GODLY SECRETS TO DATING SUCCESS
1. COMB YOUR HAIR
Head lice are very common among Christian men, especially Pentecostals. Although it is a normal and natural blessing from God to have head lice, you should certainly wash your hair before your date if only for the reason to avoid the temptation of putting your arm around the young lady while lifting to scratch your head.

2. PRAY
Spend the day before your date with at least 6-hours of solitary prayer in a prayer-closet or a confined area. Ask the Lord to guide your words and actions. Ask Jesus to help you control your lust and pray that you will have a nightly emission before the date, thus making it easier for your carnal mind to operate on a level that is strictly spiritual. Do not masturbate in your prayer-closet unless you are thinking about Jesus.
Click here for more detailed spiritual guidance on masturbation.

3. PURCHASE A RING
Visit a jewelry store and purchase a diamond ring. For the Christian man, every date is a potential mate. If she is the right gal, you will want to pop the question as soon as possible. It is always handy to have the engagement ring available.

4. RECITE VERSES
When you are on the date, use awkward moments of silence to quote scripture, or sing a favorite hymn. All women are impressed with such things. If she is not woo'd by this, it is a sign that she might be possessed by a demon. Take her to your church and drop her off by the back gate with a note to the pastor taped to her forehead. Be sure to secure her to a tree or post using chains or rope so that she won't get away during the night.

5. SPRUCE UP!
Wear Christian cologne. The only Christian cologne available is "Betty Bowers' The Essence Of Christian Men." If you do not have any Christian cologne, rub your face in a Bible until you smell like the pages.

6. TAKE HER TO VISIT GOD
The best place for a first date is church. Oh, how impressed your sweetheart will be when she finds out you are taking her to Sunday evening services! Then, a romantic dinner at Denny's!

7. GRILL HER FAITH
Use the time at the restaurant to find out if your sweetheart is really saved. Question her salvation at least 15 times. Make sure she knows the exact day and hour (and preferably the exact minute) she met Jesus.

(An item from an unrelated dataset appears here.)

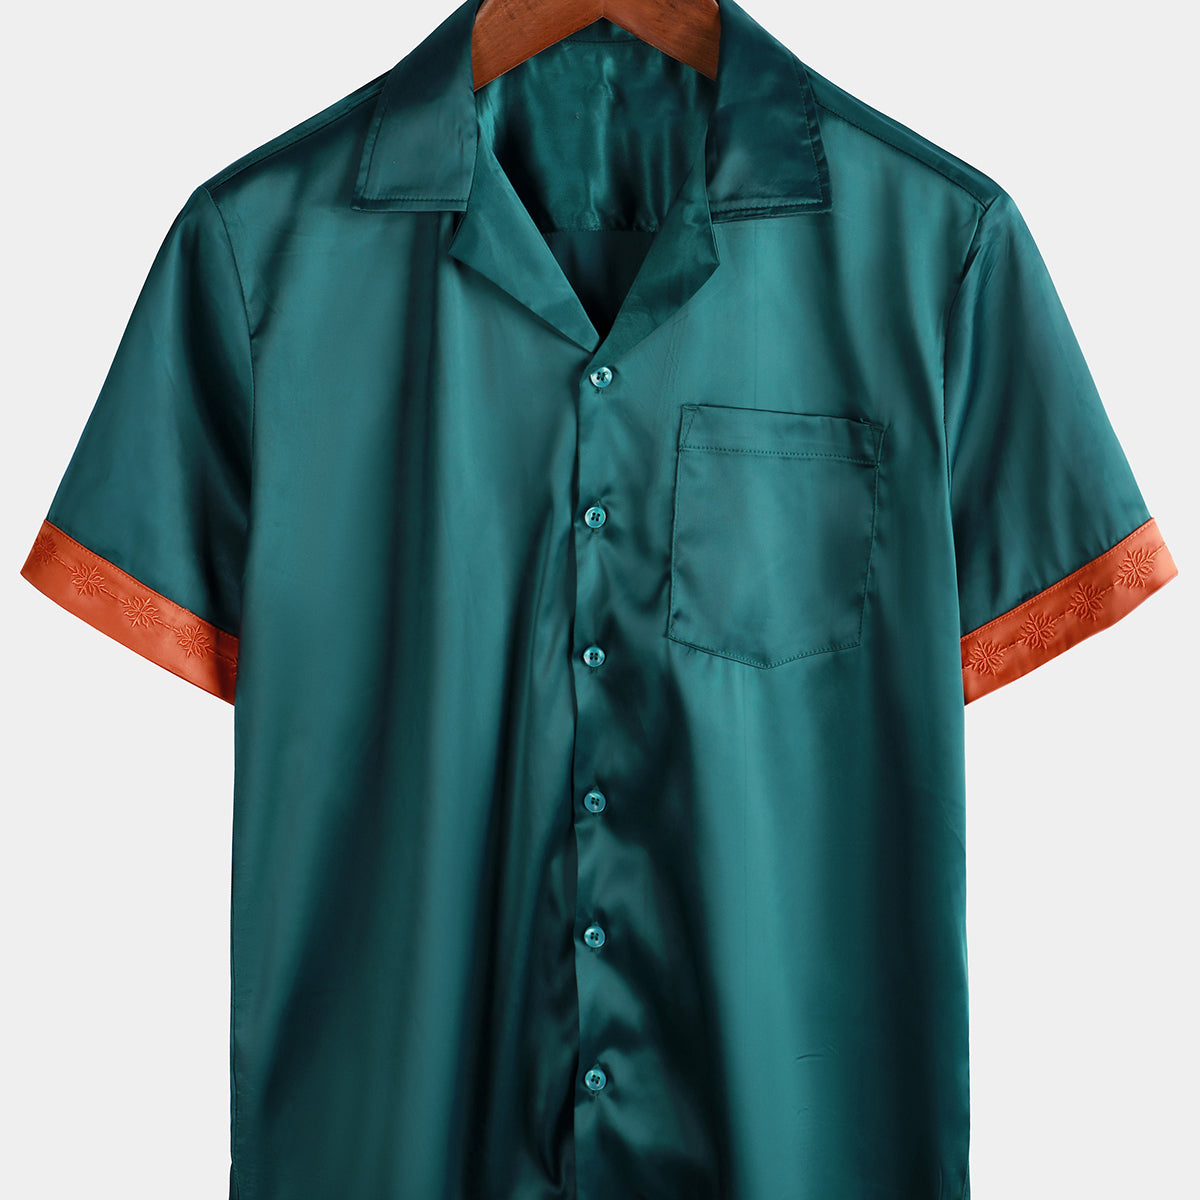 Men's Casual Embroidered Cool Beach Button Up Summer Short Sleeve Shirt

8. KEEP THE PASSION SUPPRESSED
If the bandage work on your penis fails in the slightest bit, excuse yourself for the men's room and re-adjust the harnessing.

9. PRACTICE YOUR LINES
Some Christian phrases that will help you "woo" the lesser sex are, "I'm almost as crazy about you as I am about Jesus," "Your long hair is the glory of your humility (I Corinthians 11: 11-15)," and "God broke the mold when he made your sweet face."

10. SQUELCH YOUR PASSION
If you have not had a nightly emission before your date, make certain that you take extra precaution. Use an ace bandage or knitting yarn to tie your penis back against your stomach or underneath your hiney. If you tuck instead of tie, make sure that the tip of your penis does not curl back far enough to enter the hole in your hiney where you go poopy out of - otherwise you might accidentally sodomize yourself and inadvertently become a homosexual.

11. AVOID TOUCHING!
Make certain that there is no personal contact (PC) on this first date. Even if she has said "yes" to marriage, it is highly recommended that you refrain from even holding hands for at least two years until the courtship is over and you are whisked away on your honeymoon!

Follow these dating tips for Christian men and you are sure to find a life partner that is suitable, submissive, and steadfast.